▶ WHAT TO DO
Exact copy, no pictures: return all the data below as written.

▶ DATASET EXTRACT
_ _ _ _

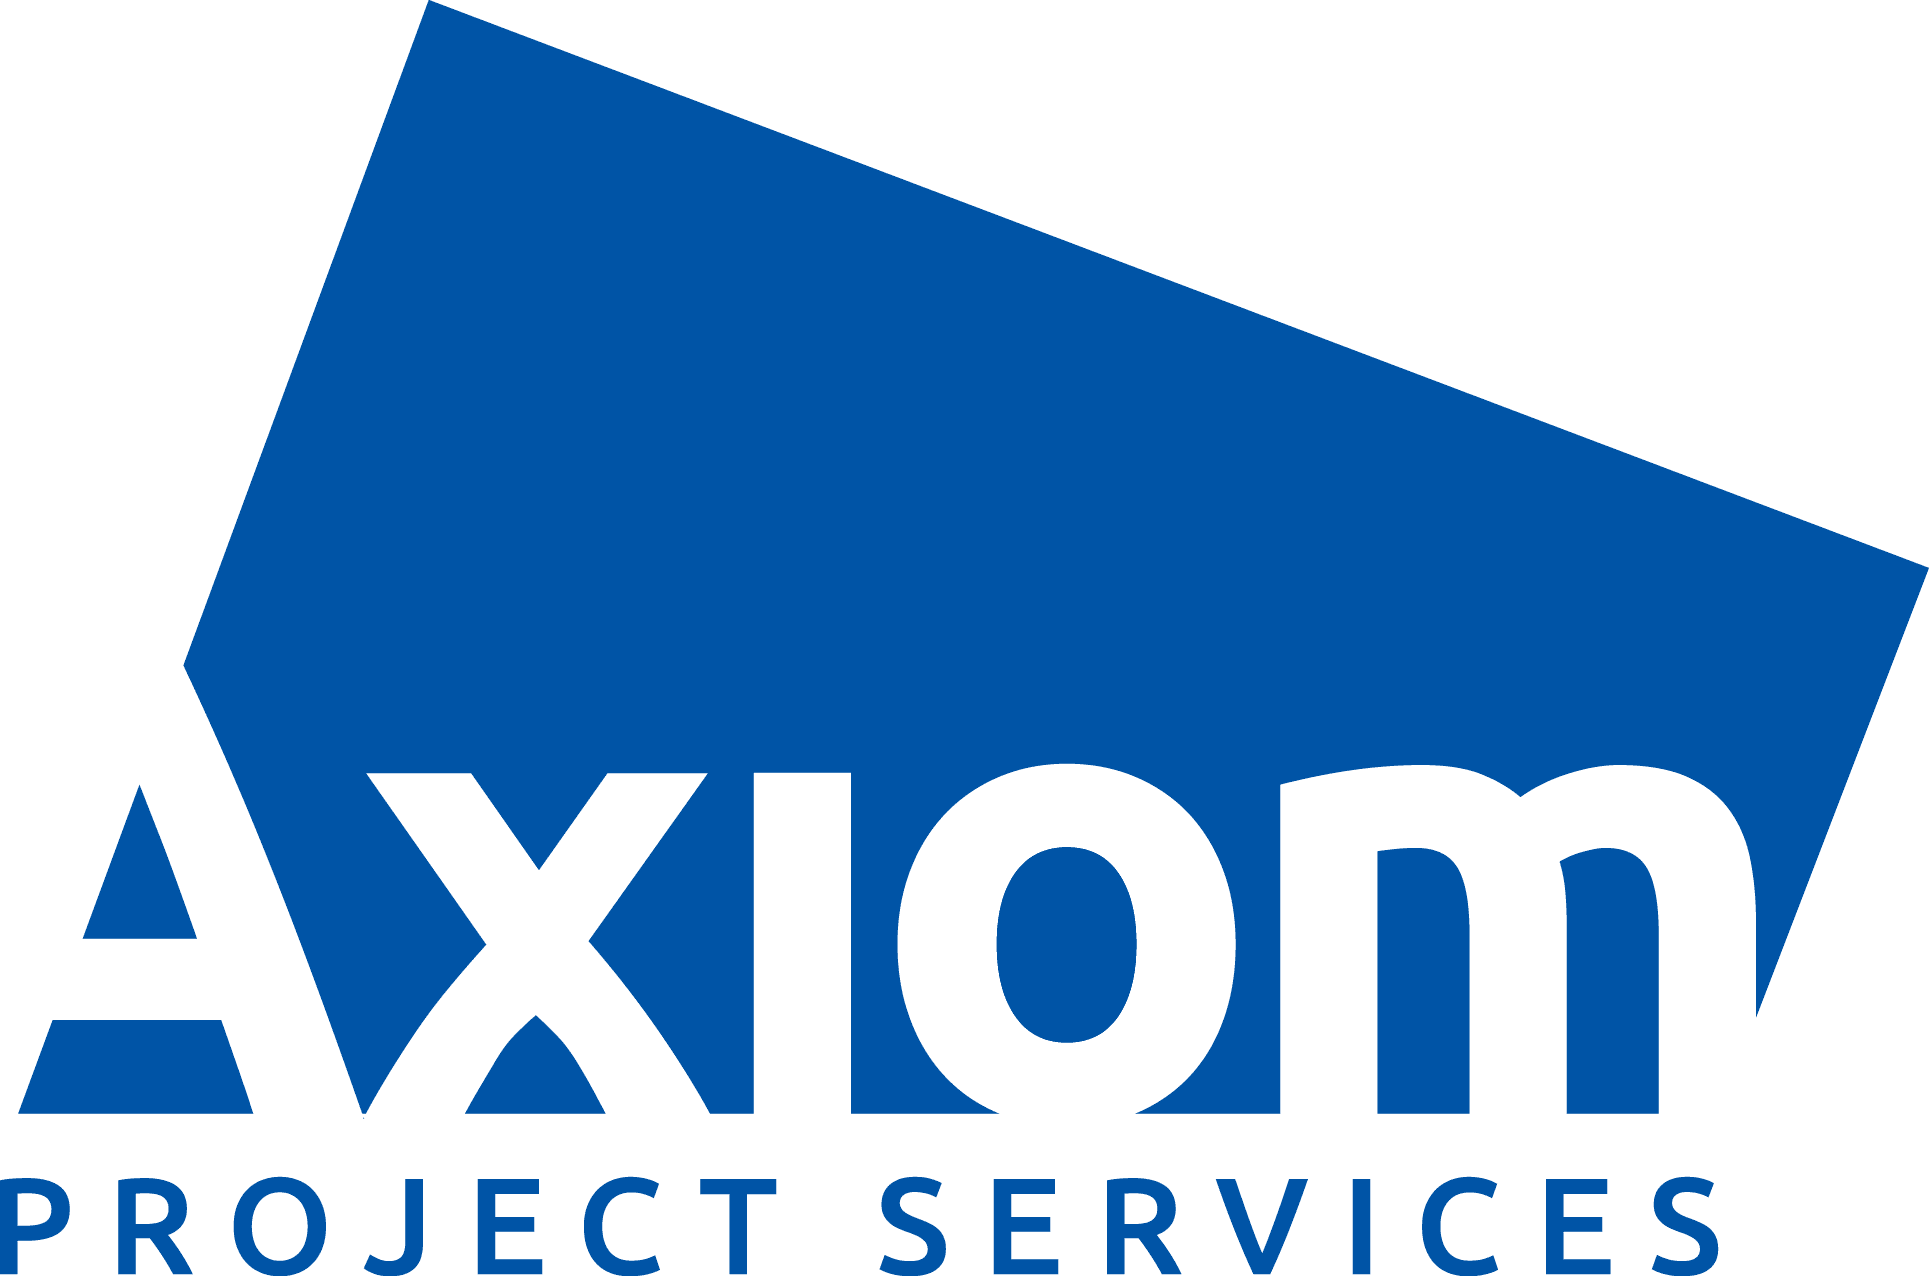 Axiom’s new brand
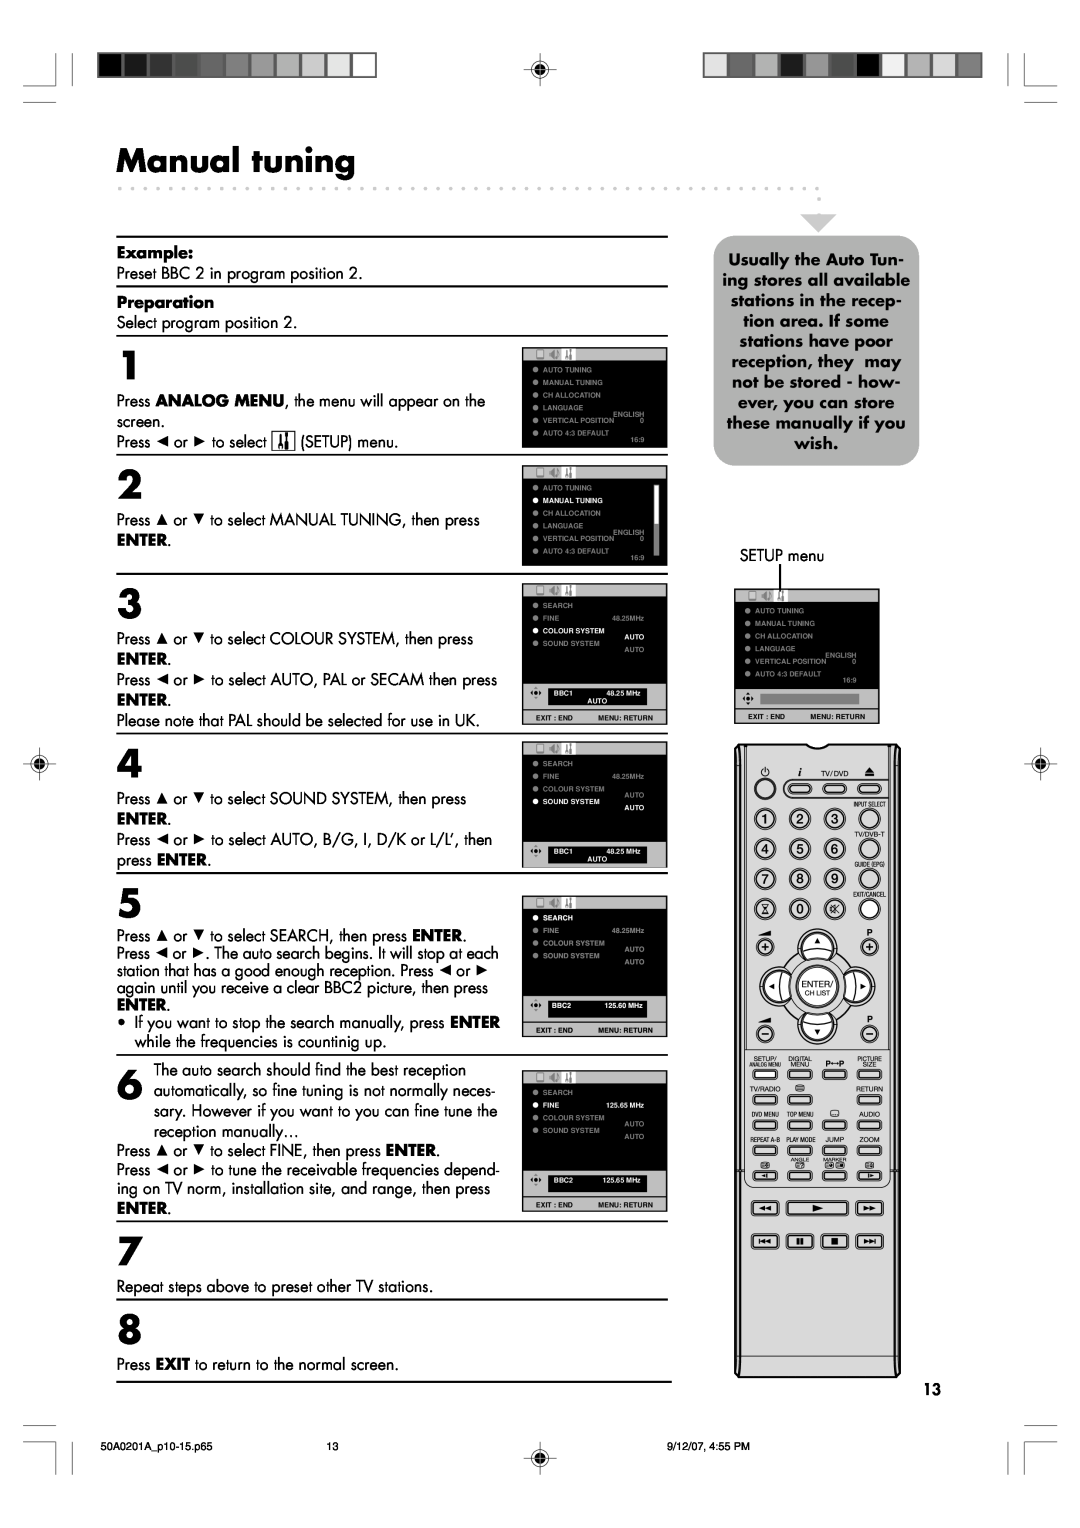 Sansui TV19PL120DVD instruction manual Manual tuning, Example, Preparation, Enter 
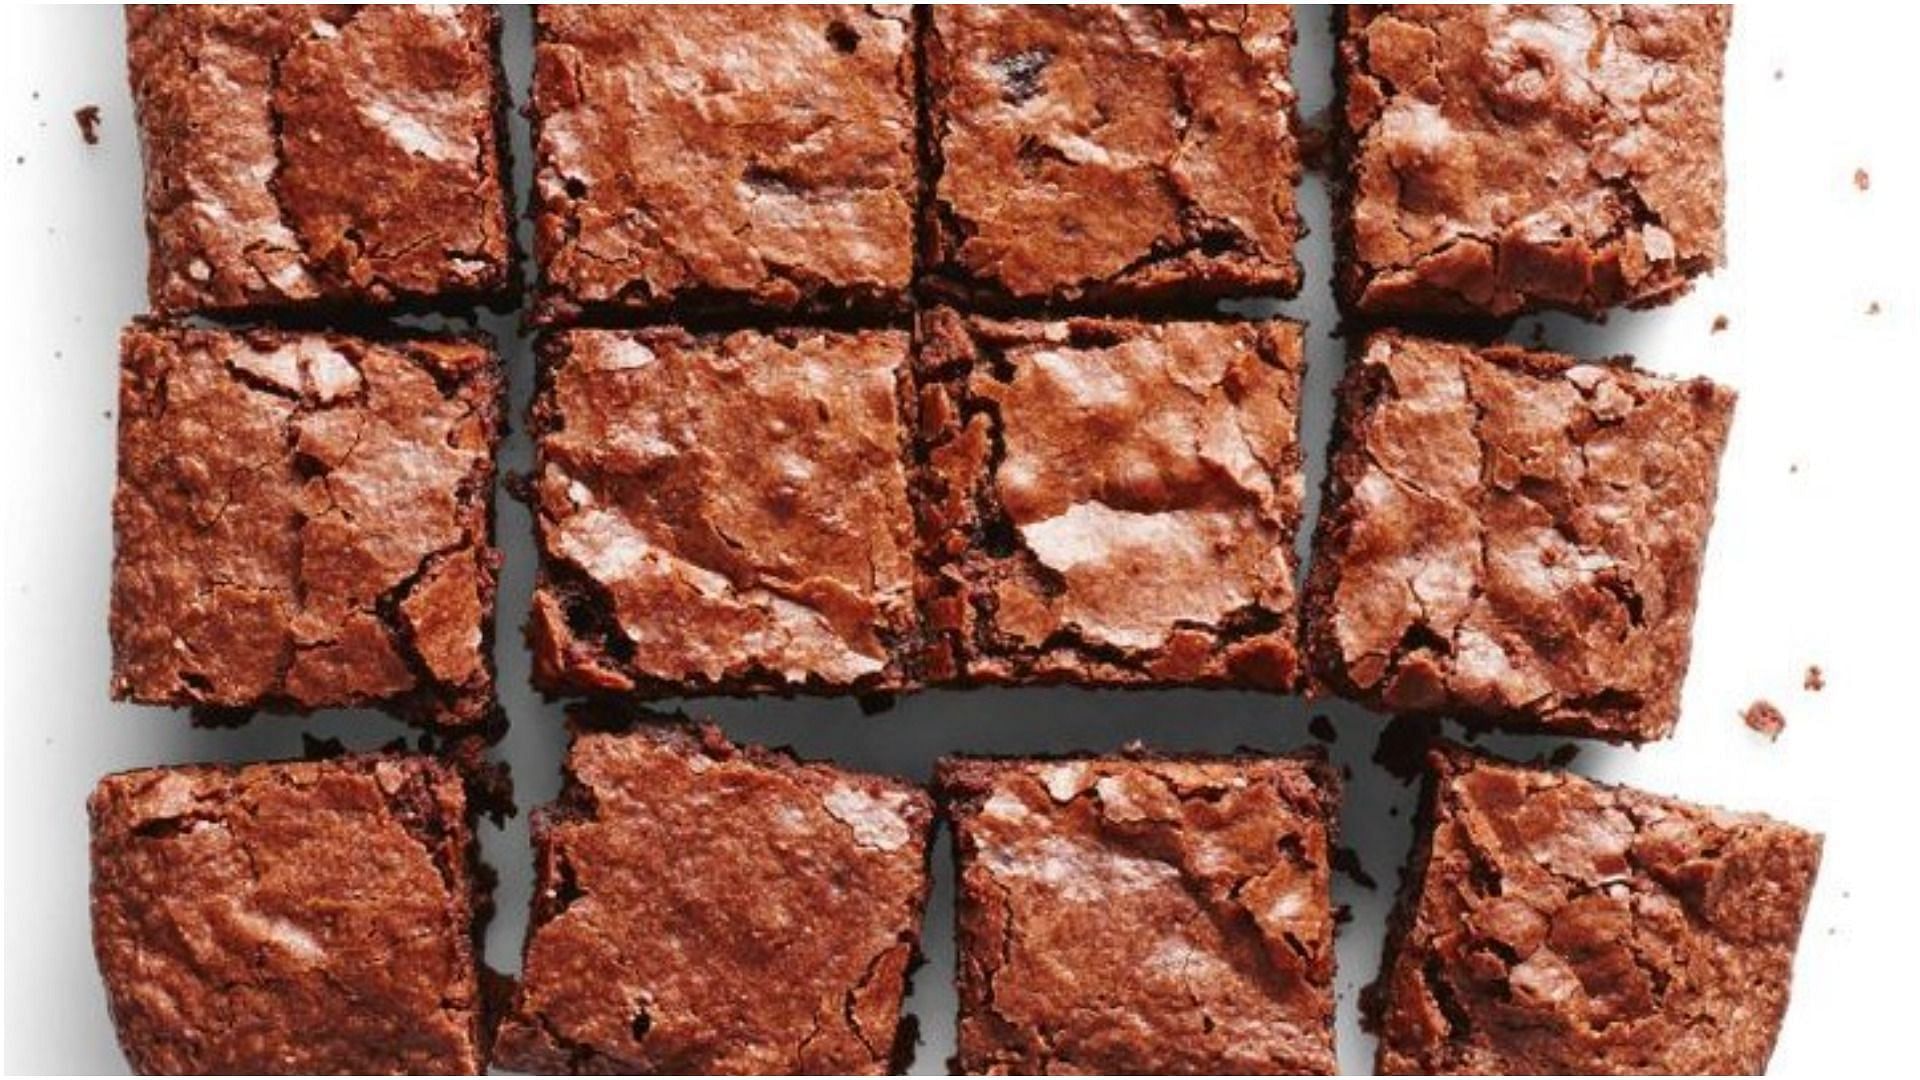 A brownie recipe has taken over the TikTok comments section (Image via taste.com.au)

_ _ _ _

▶ WRITTEN REPLY
 Axiom’s new brand
 Sansui TV19PL120DVD instruction manual Manual tuning, Example, Preparation, Enter 
 A brownie recipe has taken over the TikTok comments section (Image via taste.com.au)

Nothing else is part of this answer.